McCrum left Cambridge in 1962 to become headmaster of Tonbridge School, where he earned a good reputation and transformed the school, emphasising academic standards and implementing sweeping reforms, including the abolition of the old traditions of fagging and caning of junior boys by "praepostors". He also made the Cadet Corps voluntary. The Tonbridgian wrote in 1967 that "Never have there been so many changes in so short a time". By a stratagem, he contrived that straw boater hats be retained, although there was a clear majority for their outright abolition in the poll of the boys which he arranged. His impressive stature and his ability to memorize the name and face of every boy in the school during the first week of the autumn term helped him to command respect. He later described part of his task at Tonbridge as having been "the reduction of stupid anachronisms" and "giving boys more liberties, provided they do not take them"; corporal punishment, he said, was "often the lesser of two evils". While at Tonbridge, McCrum was an early supporter of the idea of education vouchers, and he opposed Labour Party proposals for school reform. He criticised the reduction of the age of majority and the voting age to 18, saying that while they might be outwardly more mature than formerly, 18-year-olds "were still searching for guidance and authority" and "were less aware than formerly of the framework of tradition and the concept of the family community" under the increasing influence of the press and media.
Eton College
In 1970 he became Head Master of Eton College, ostensibly a more prestigious position but perhaps one that allowed less initiative or authority than at Tonbridge. He raised standards at Eton after the era of Anthony Chenevix-Trench, whose weaknesses differentiated him from the self-disciplined McCrum. The curriculum was modernised and academic standards improved. Just before leaving Eton he oversaw the final abolition of fagging, as he had at Tonbridge earlier. As Chairman of the Headmasters' Conference in 1974, McCrum called for greater co-operation between the independent and maintained sectors of education. McCrum banned Nigerian writer Dillibe Onyeama from visiting Eton after the latter wrote in his memoirs of the racism he experienced at the college. This decision was overturned in approximately 2010.

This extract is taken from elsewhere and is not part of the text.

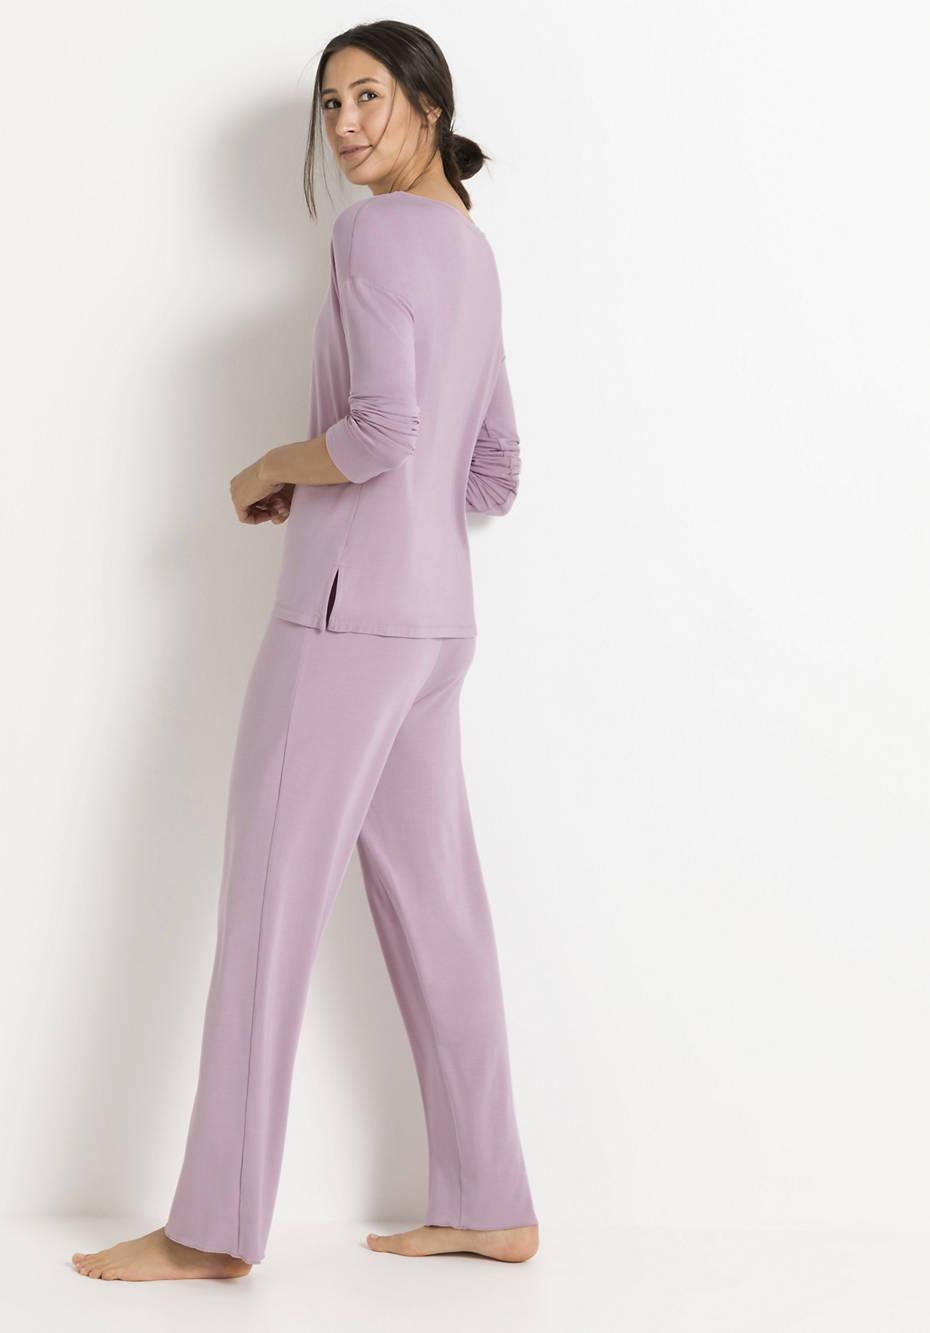 Sleep trousers made from TENCEL ™ Modal

In 1980, McCrum returned to Corpus Christi, Cambridge as Master, introducing women to the college in 1982. In 1987 he became the last of the University of Cambridge's part-time Vice-Chancellors. He was president of the Cambridge Society from 1989 to 1996. He chaired the Oxford and Cambridge Schools Examination Board from 1981 to 1987, and the SchoolGoverning Bodies Association from 1989 to 1994. In his farewell speech as Vice-Chancellor he called for university lecturers to be better paid. An Anglican, he was chairman of the Cathedrals Fabric Commission for England and was a member of the BBC/IBA religious affairs committee. He was appointed CBE in 1998. In addition to a collection of historical documents in Latin and Greek, compiled during his first spell at Corpus Christi, he wrote a biography of Thomas Arnold, the distinguished headmaster of Rugby. McCrum was married to Christine Fforde and they had four children, one of whom was Literary Editor of The Observer.
Publications
McCrum, Michael; & Woodhead, A. G.. Select documents of the principates of the Flavian emperors: Including the year of revolution, A.D. 68-96. Cambridge: University Press.